Talking of soft power, here is my personal 10-point checklist for success as an entrepreneur or an ‘intrapreneurial’ new manager:

Communication: Be clear, concise and kind internally and externally. Put yourself in the shoes of those who are to receive your message and see if you would have understood your message or if you would have liked working with yourself. Team building: Pay attention to all the players and improve cohesiveness by leading from the front. Once they know you truly care, a team can change and adapt no matter where you drive the bus.

Interpersonal skills: Use phrases such as “I need you to include me more when disseminating information” instead of “You did not tell me” while interacting.

Composure: Don’t react, but weigh the situation and postpone an emotional response. Leave hastily composed e-mails in draft mode for an hour or two, mull over them, before hitting ‘send’.

Handling ambiguity: Be prepared to chop and change in keeping with customer needs. Be flexible and adaptive. We recently ran a facilitation workshop for five Americans on the core team of a Fortune 500 company. When we asked for registration forms to be filled, they didn’t get around to doing it.

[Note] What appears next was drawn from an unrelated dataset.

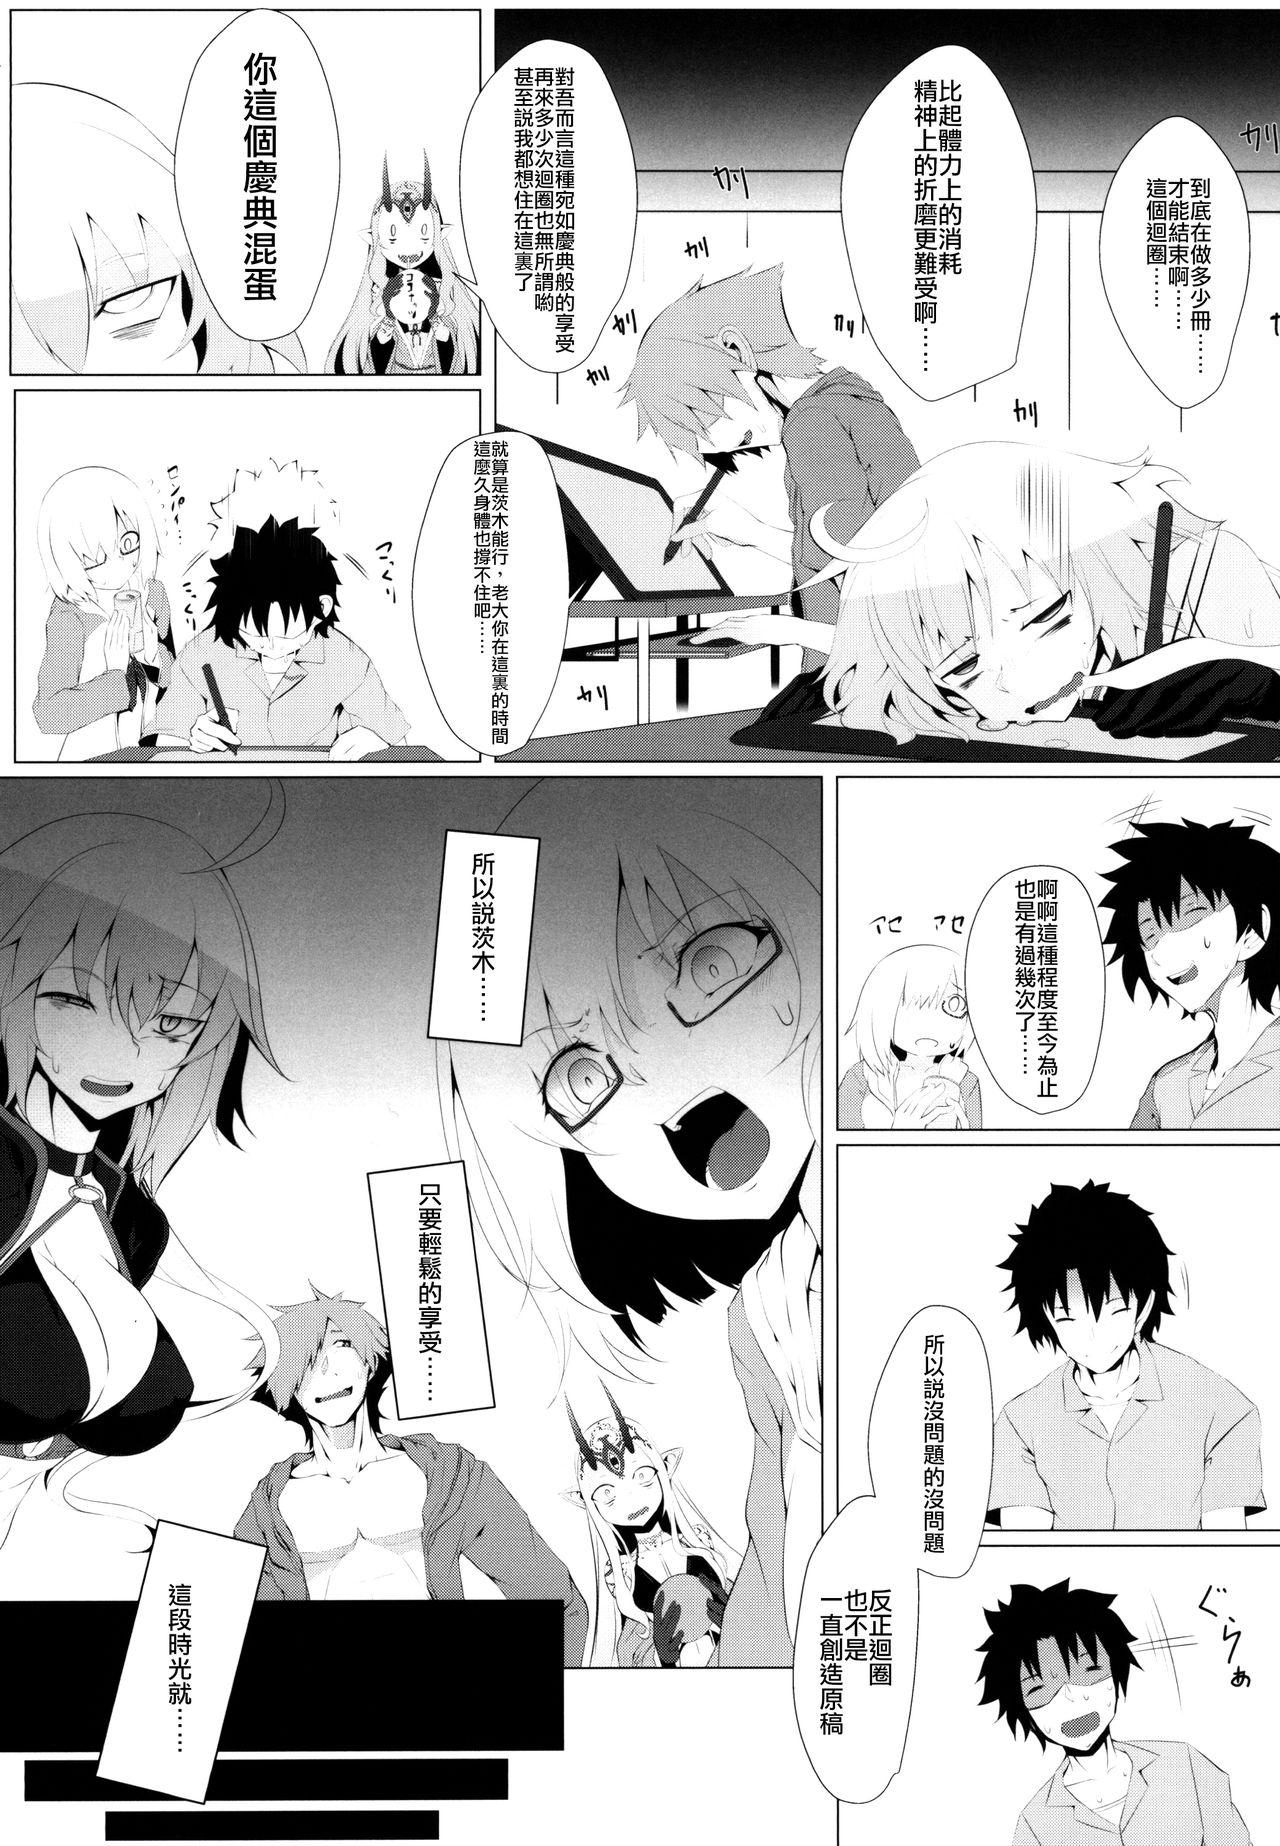 Shaking M.P. Vol. 18 - Fate grand order Jerkoff - Page 5

So when we showed up, expecting to see five Caucasian, 6-foot-tall engineers, we found instead a Mexican American, a Vietnamese American, an African American, a Japanese American and even an Indian American. We had to change our delivery method to include consensus building among them first!

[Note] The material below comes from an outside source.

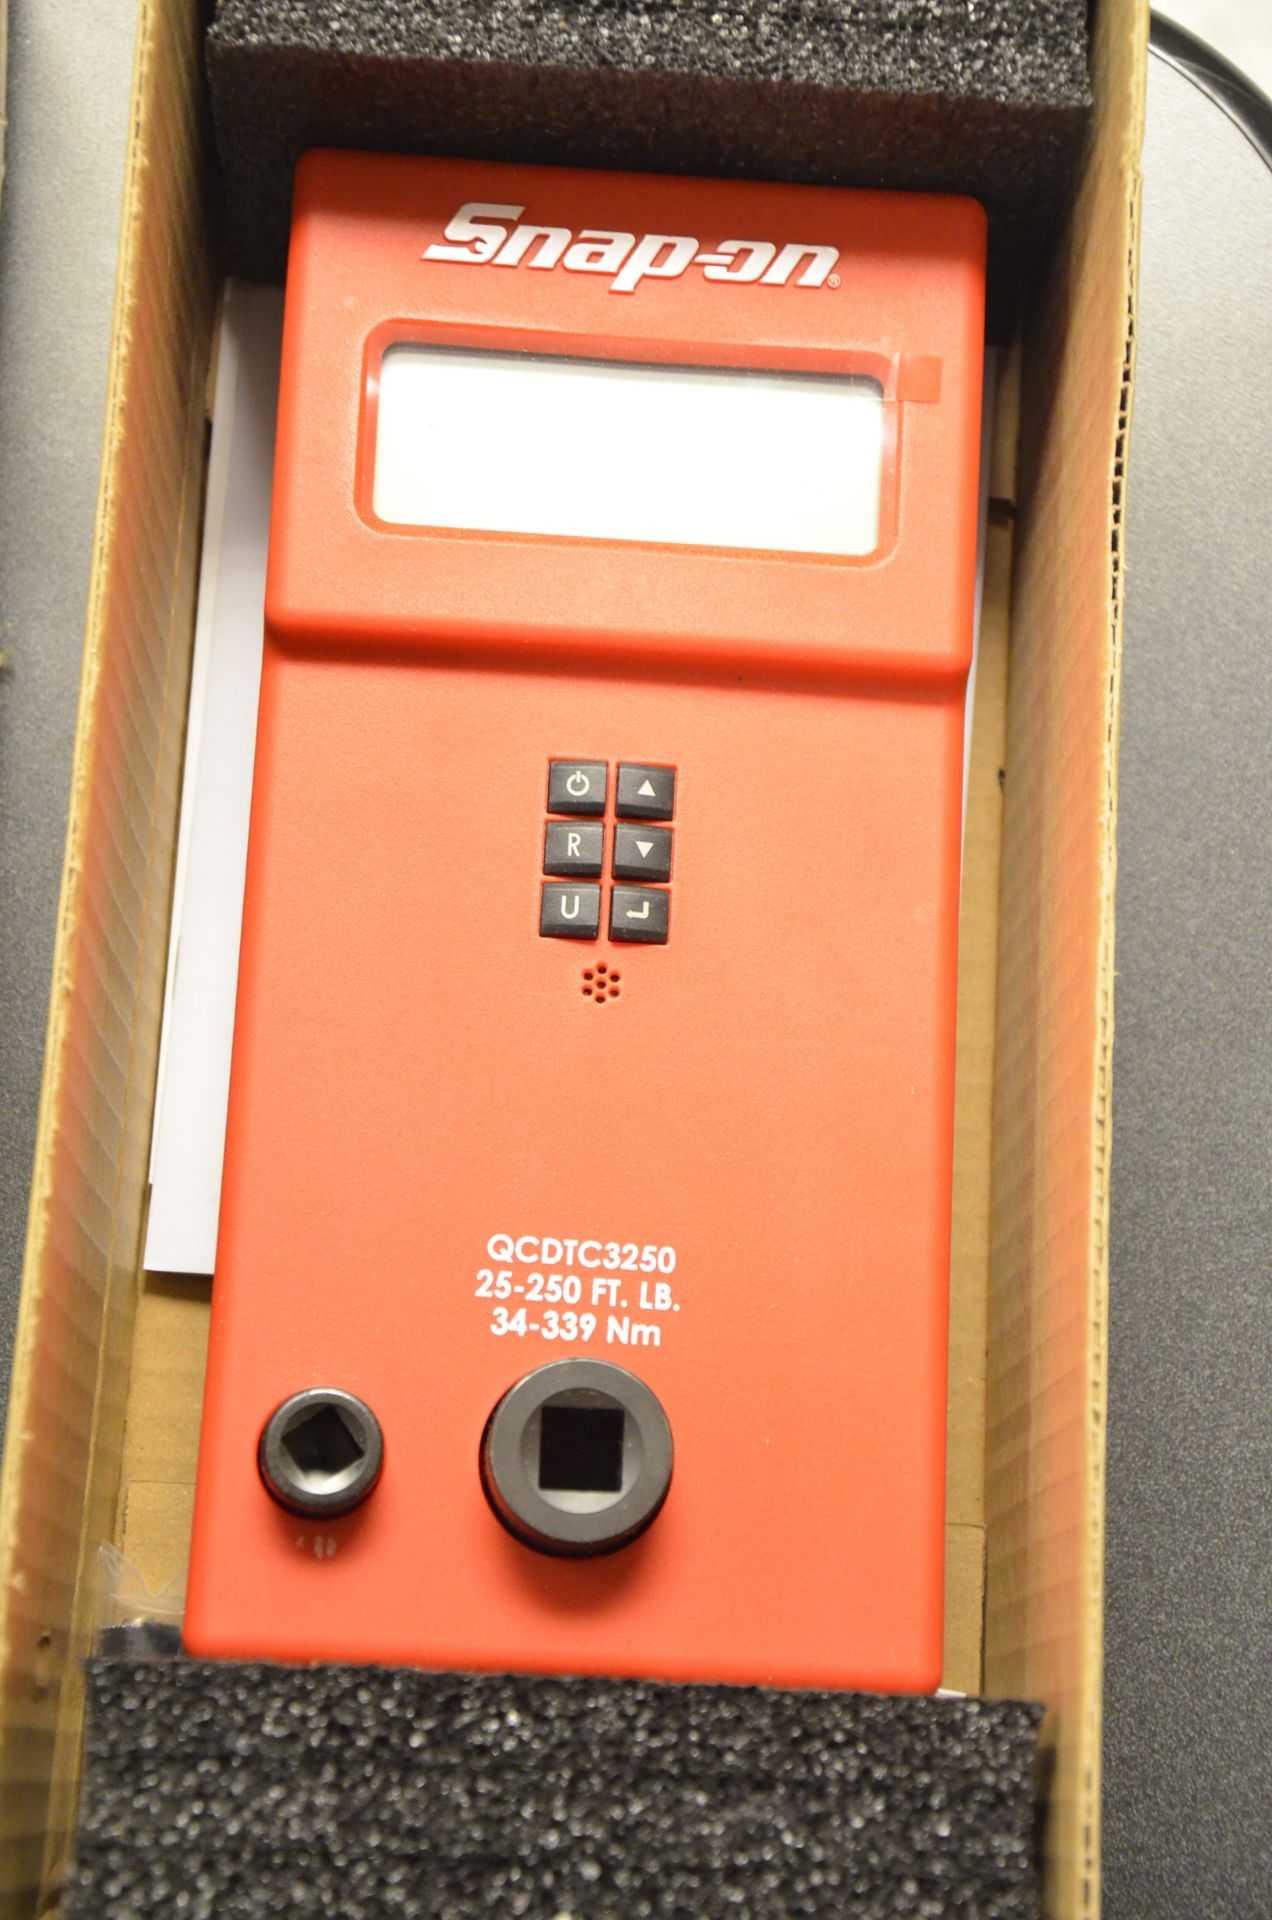 SNAP ON QCDTC3250 DIGITAL TORQUE CALIBRATOR WITH 25-250 FT. LBS CAPACITY, S/N N/A - Image 2 of 2

Big picture: This talent allows you to fulfil your customer’s latent needs, anticipating where the road will curve and getting to it ahead of the others. Nowadays new managers, as ‘intrapreneurs’, are empowered to work towards the future needs of their customers, thus ensuring the longevity of the company.

Patience: This is a must for results — for performance, for new ventures to succeed. Sometimes, a year into a new business, it seems worthless to be plodding on, but when you believe strongly in your mission, the right path opens up.

Writing skills: This encompasses text messages and e-mails. All forms of messaging should be treated as business communication. Paying careful attention to my correspondence has led to many top, seemingly out-of-reach leaders, responding to me. I did nothing extraordinary, just wrote sincerely and took care to compose the message.

Empathy: Feel for your customer and your team mates, success will follow. If someone wants to change track, let them go; someone better almost always comes along. If a customer needs speed or slowing down, feel his pain; if you treat him well, your business automatically grows.

Global mindset: Understand, strategise and act knowing yourself, knowing the other side, adapting as the situation demands. What you are doing is bound to have a larger footprint, so see how it impacts the world and open up your mind to include the global village. Make the Internet your teacher.

Changing times

The entrepreneurial landscape is definitely changing — away from the marked tendency to keep it all in the family. Today, talent and drive, not birth and upbringing, are the factors that determine the like spirits who draw together to set up and run successful ventures. Let’s welcome the professionally qualified, ever-innovative, brave new business Indian.